The actual definition of SINAD is quite straightforward. It can be summarised as the ratio of the total signal power level (Signal + Noise + Distortion) to unwanted signal power (Noise + Distortion). Accordingly, the higher the figure for SINAD, the better the quality of the audio signal.

The SINAD figure is expressed in decibels (dB) and can be determined from the simple formula:

SINAD     =     10Log ( SND / ND )

SND = combined Signal + Noise + Distortion power level
ND = combined Noise + Distortion power level

It is worth noting that SINAD is a power ratio and not a voltage ratio for this calculation.

Making SINAD measurements

To make the measurement a signal modulated with an audio tone is entered into the radio receiver. A frequency of 1 kHz is taken as the standard as it falls in the middle of the audio bandwidth. A measurement of the whole signal, i.e. the signal plus noise plus distortion is made. As the frequency of the tone is known, the regenerated audio is passed through a notch filter to remove the tone. The remaining noise and distortion is then measured.
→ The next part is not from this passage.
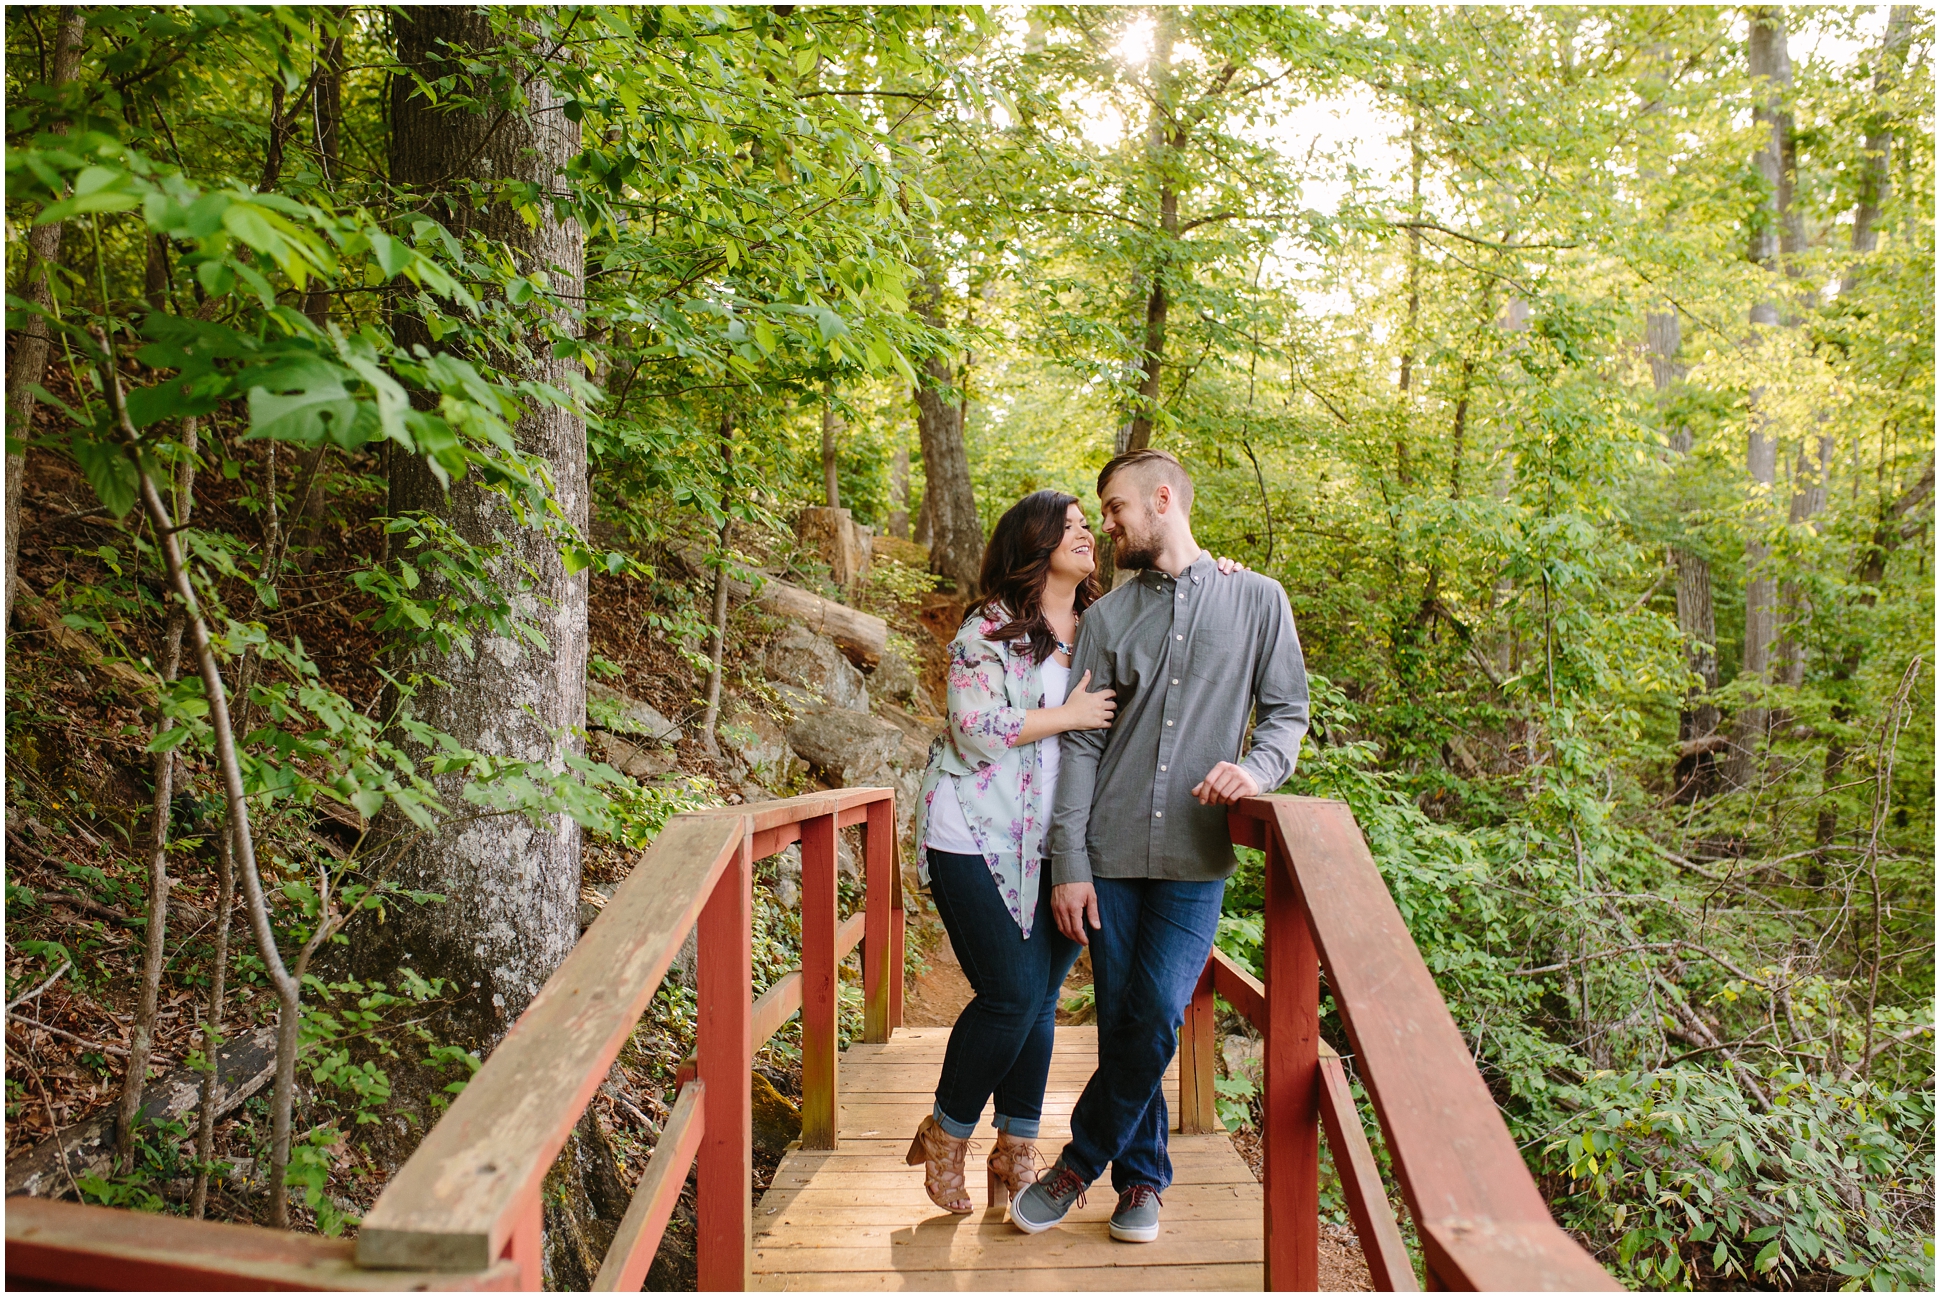 Two Chics Photography | A High Falls State Park Engagement Session | www.twochicsphotography.com

Although it is most common to measure the electrical output at the radio receiver audio output terminals, another approach that is not as widely used, is to pass the signal into the loudspeaker and then use a transducer connected to SINAD meter to convert the audio back into an electrical signal. This will ensure that any distortion included by the speaker is incorporated, and it may overcome problems with gaining access to the speaker connections in certain circumstances where this may not be possible.

Obtaining the figures for the signal plus noise plus distortion and the noise plus distortion it is then possible to calculate the value of SINAD for the radio receiver of other piece of equipment.

SINAD measurement set-up

The set up used for making SINAD measurements

While the measurements for SINAD can be made using individual items of test equipment, a number of SINAD meters are made commercially. These SINAD meters incorporate all the required circuitry and can be connected directly to radio receivers to make the measurements. Accordingly SINAD meters are a particularly convenient method of making these measurements.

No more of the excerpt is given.